Whether we like it or not, our life is full of all kinds of accidents, both pleasant and not very. Therefore, each of us would do well to know how to find the probability of an event. This will help you make the right decisions under any circumstances that are associated with uncertainty. For example, such knowledge will be very useful when choosing investment options, evaluating the possibility of winning a stock or lottery, determining the reality of achieving personal goals, etc., etc.

Probability Formula

In principle, the study of this topic does not take too much time. In order to get an answer to the question: "How to find the probability of a phenomenon?", you need to deal with key concepts and remember the basic principles on which the calculation is based. So, according to statistics, the events under study are denoted by A1, A2,..., An. Each of them has both favorable outcomes (m) and the total number of elementary outcomes. For example, we are interested in how to find the probability that an even number of points will be on the top face of the cube. Then A is roll m - rolling 2, 4, or 6 (three favorable choices), and n is all six possible choices.

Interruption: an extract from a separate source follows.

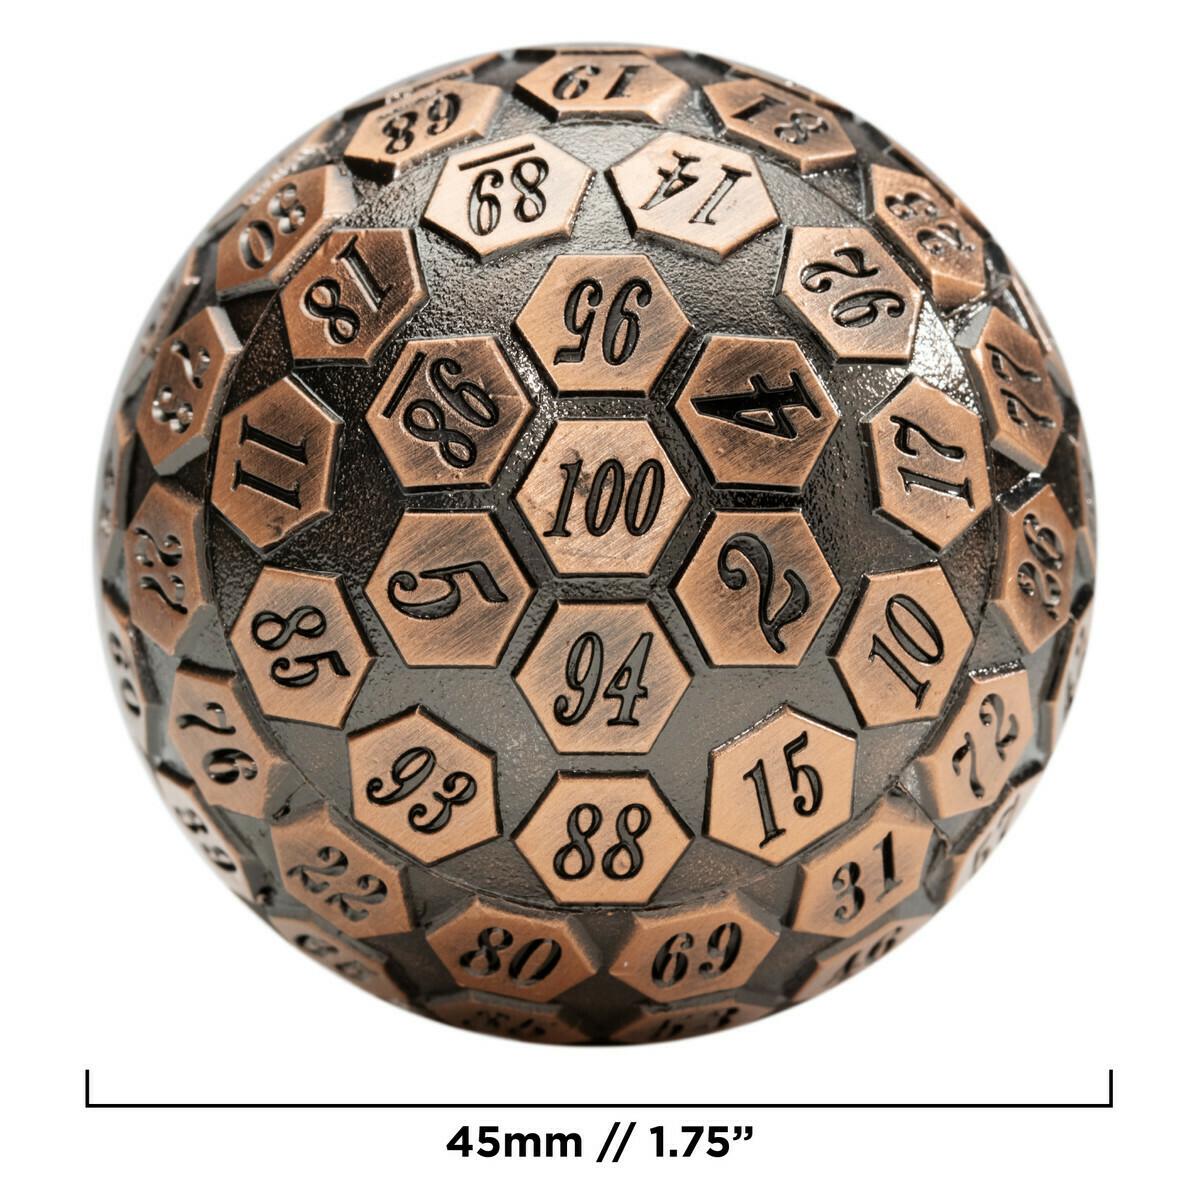 45MM Metal D100 Die - Orb of Predestined Fate - Ancient Copper RPG Tabletop

The calculation formula itself is as follows:

With one outcome, everything is extremely easy. But how to find the probability if the events go one after the other? Consider this example: one card is shown from a deck of cards (36 pieces), then it is hidden back into the deck, and after shuffling, the next one is pulled out. How to find the probability that at least in one case the Queen of Spades was drawn? Exists next rule: if considered complex event, which can be divided into several incompatible simple events, then you can first calculate the result for each of them, and then add them together. In our case, it will look like this: 1/36 + 1/36 = 1/18. But what about when several occur at the same time? Then we multiply the results! For example, the probability that when two coins are tossed at the same time, two tails will fall out will be equal to: ½ * ½ = 0.25.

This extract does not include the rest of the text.